Monday, May 23, 2011

Cacti to stop the Noise

Open source snmp collection is top priority to eliminate noise about Capacity Issues.

Despite our strategic capacity collectors like BMC, SRM, SAS ITRM, MOM/SCOM they do not help in near real-time situations. Having a product like Cacti allows all the technical people determine baseline performance changes in near realtime without impact to the environment.

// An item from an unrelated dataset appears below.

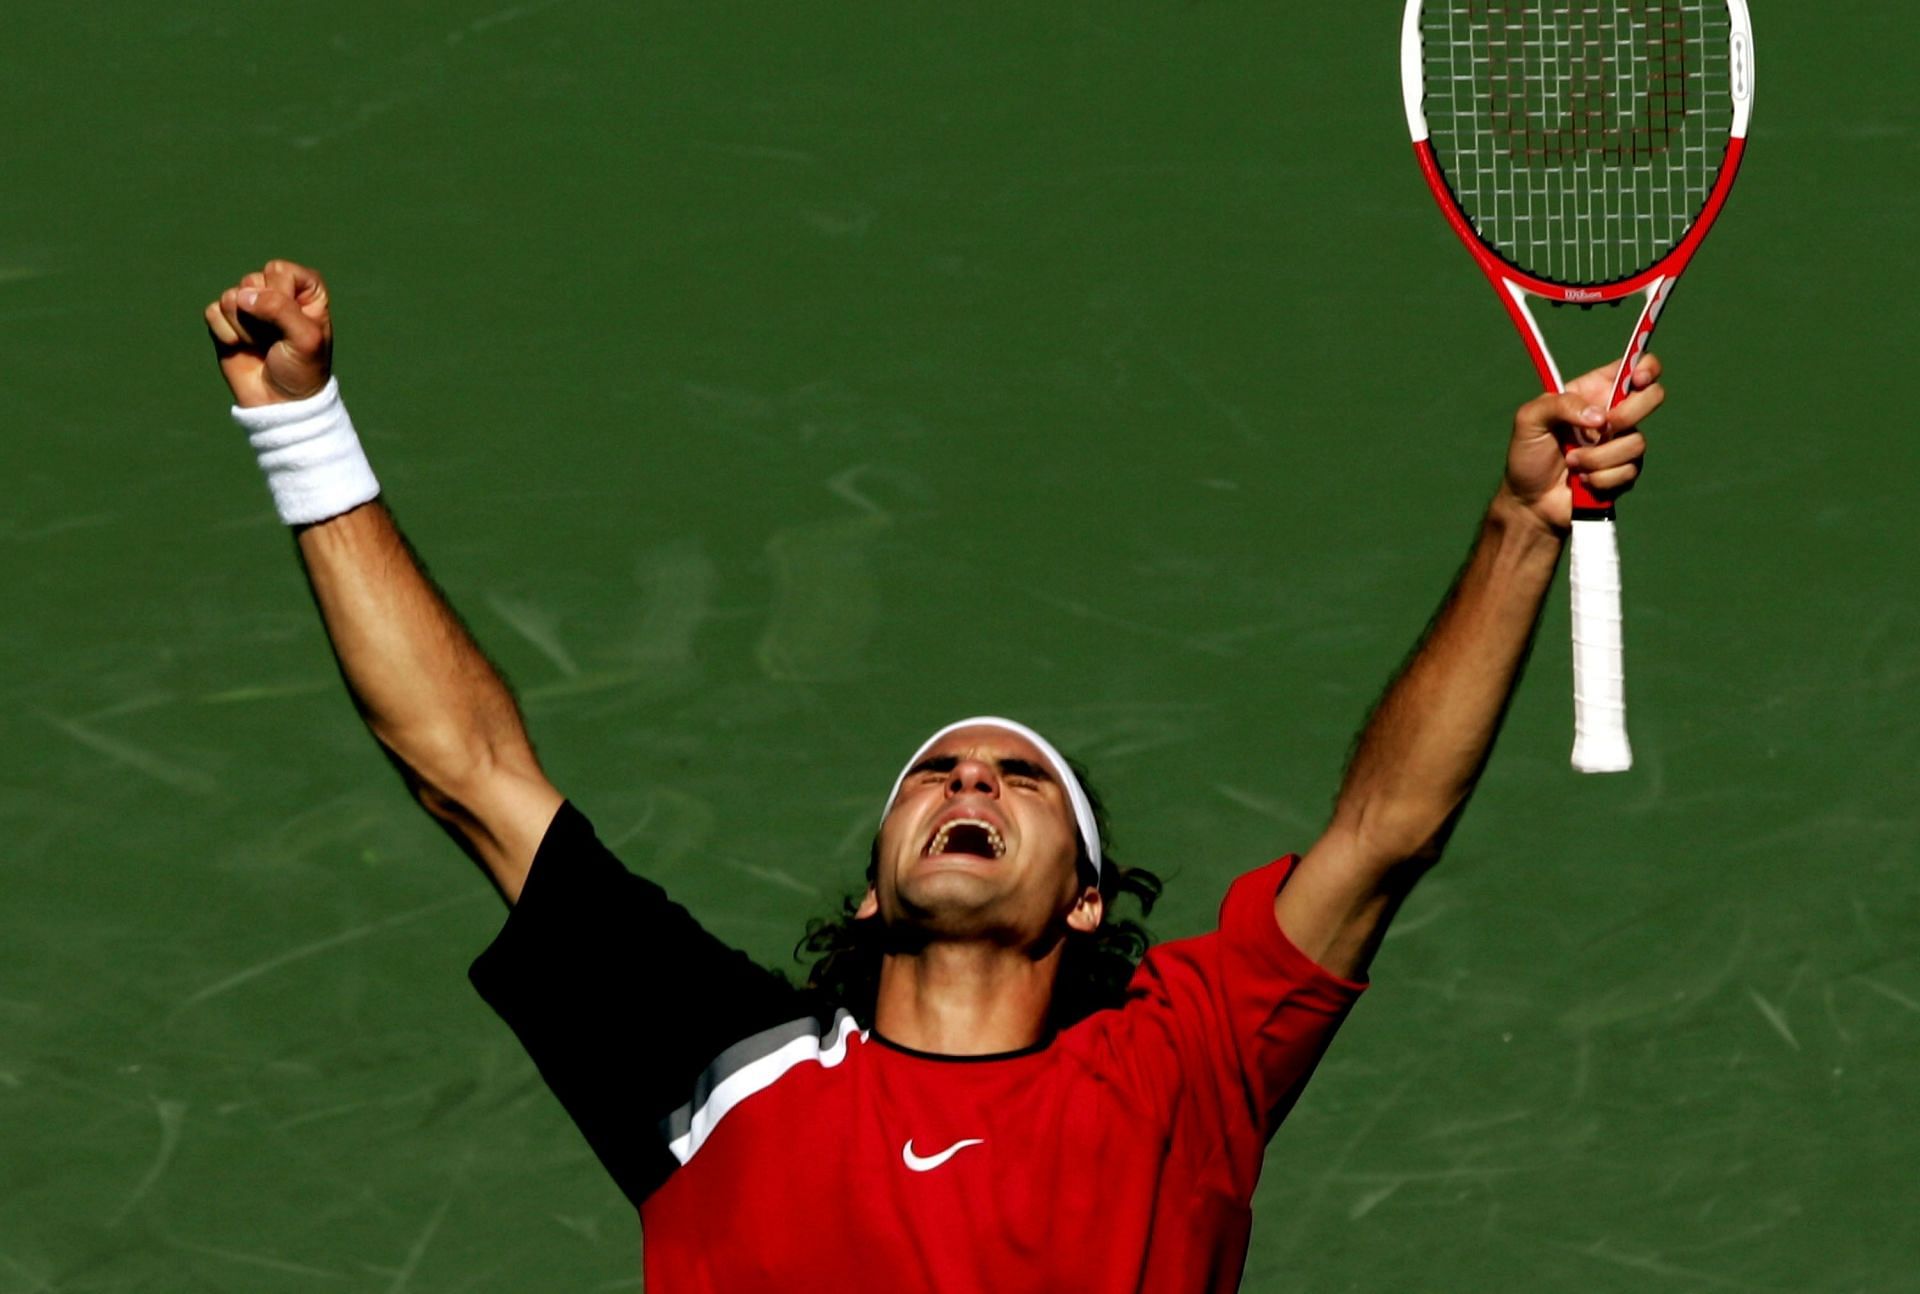 Roger Federer beat Rafael Nadal in the final of the Miami Open in 2005
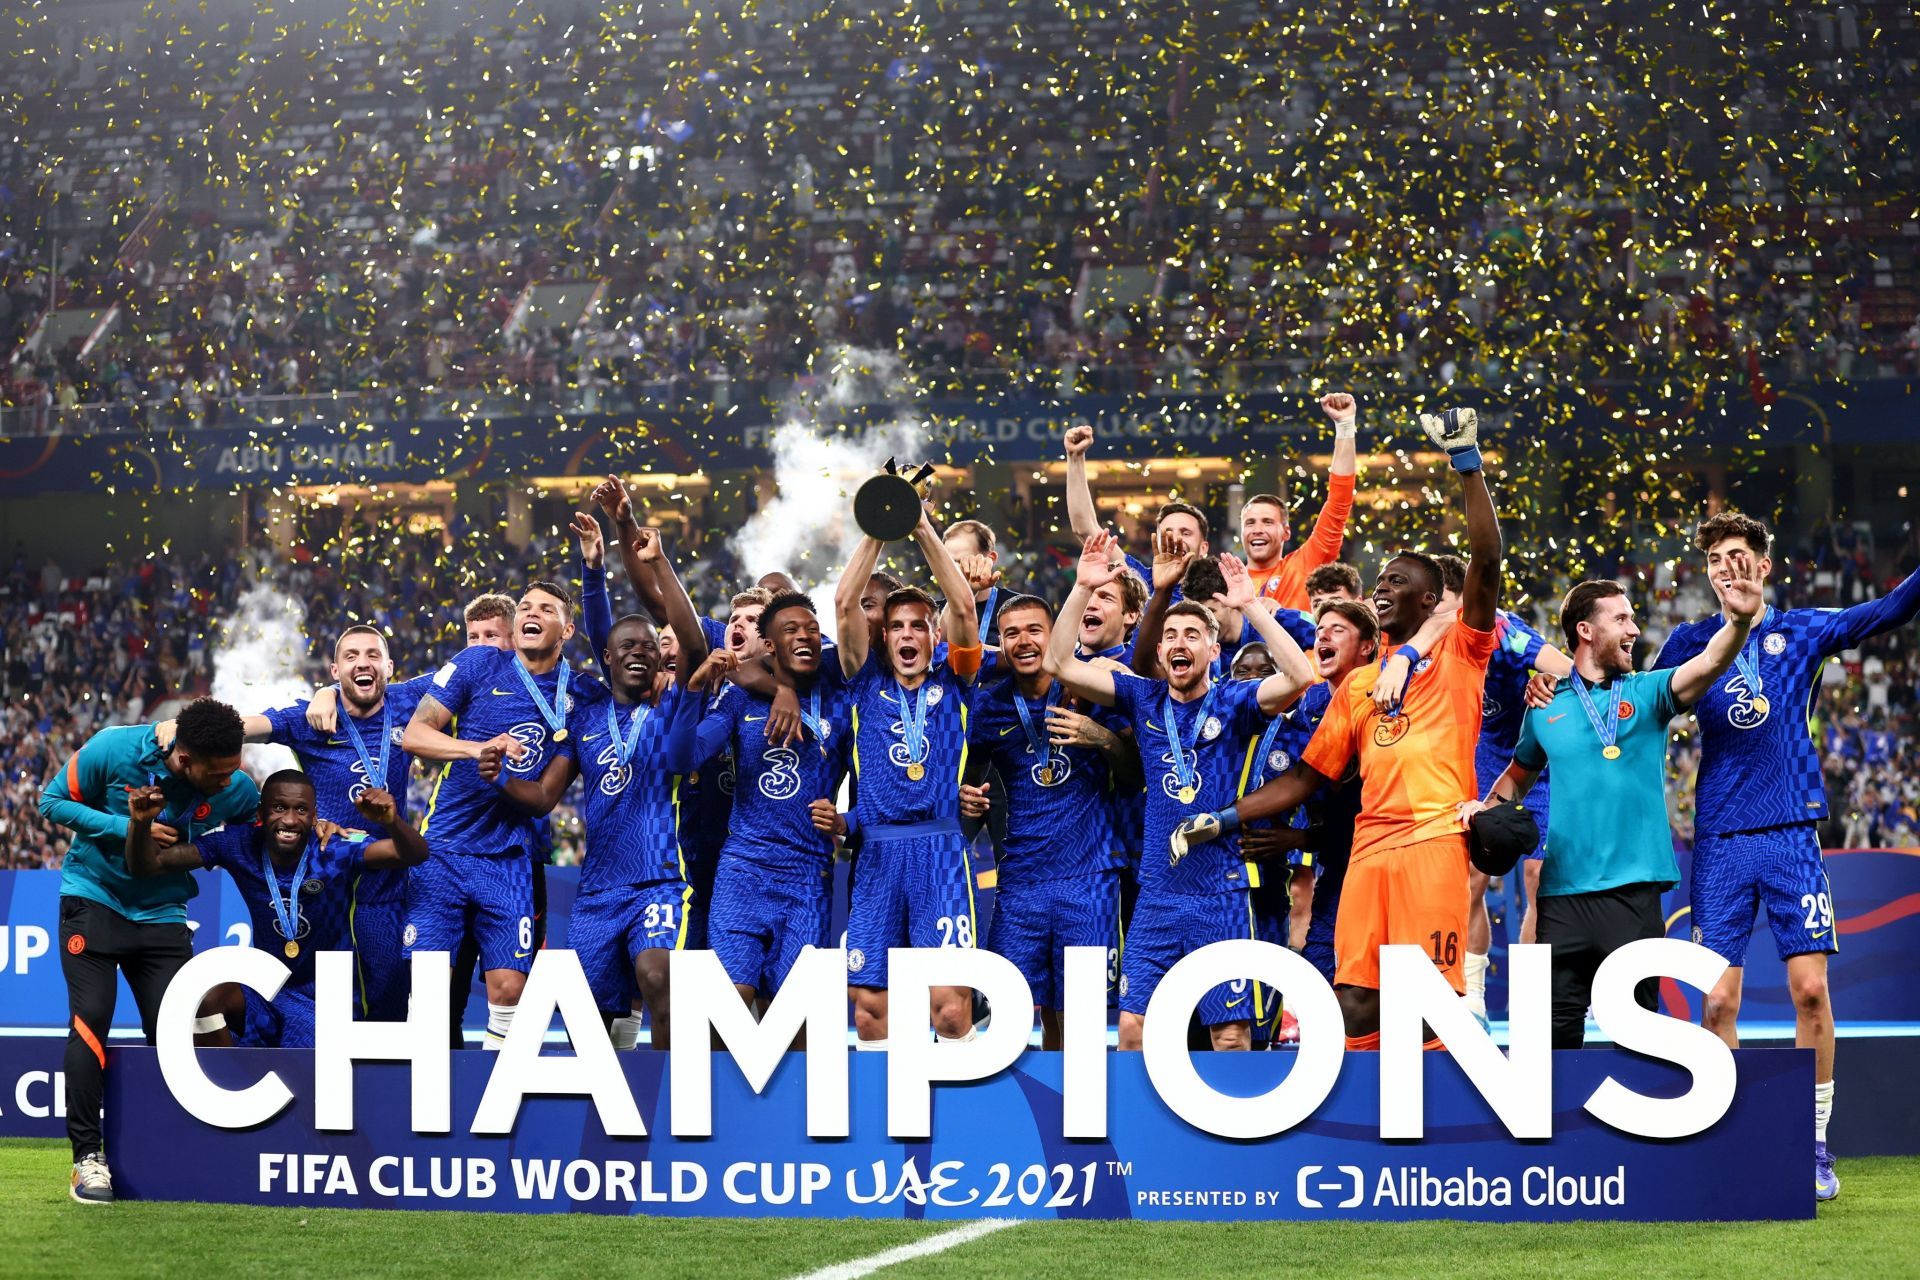 Chelsea are Club World Cup champions after beating Palmeiras.

With a organizational facing accessible portal of graphic representation of CPU, Memory, CPU Queues, network/disk IO, filesystem utilization we can stop the noise and spin when an system isn't responding.  The middle layer management can see what is going on while the SME's investigate and shoot for root-cause.

Regards.

Scott Wardley

Software Release and Entire Web Tier is Down

Item - software release to web tier
Issues - dropped sessions
Root Cause - very old log shipping sync program started that had been disabled 2 releases before.
Identified - Top command showed waitio. Waitio tracked back to internal disk running at 27ms on disks that should have been 5.  Process determined by looking at length and volume of data by process.
Team members that tracked root cause - 2 of 50 on swat team.
False paths - tracked wait to network io that was also impacted with addition transmission requests caused by dropped sessions....this was tracked to nfs use by tier that was hosted on one of the nodes(bad idea). Detailed investigation of nfs node found disk io issue and eventually figured out disk io on all nodes.
Performance Impact - waitio had taken out 3 of 8core box reducing available cpu capacity and poor disk response time impact the rest. Tier would stay alive until weblogic sessions increased and then sessions would drop.
Lesson Learned - Performance Test environment should be a image copy of production prior to software changes!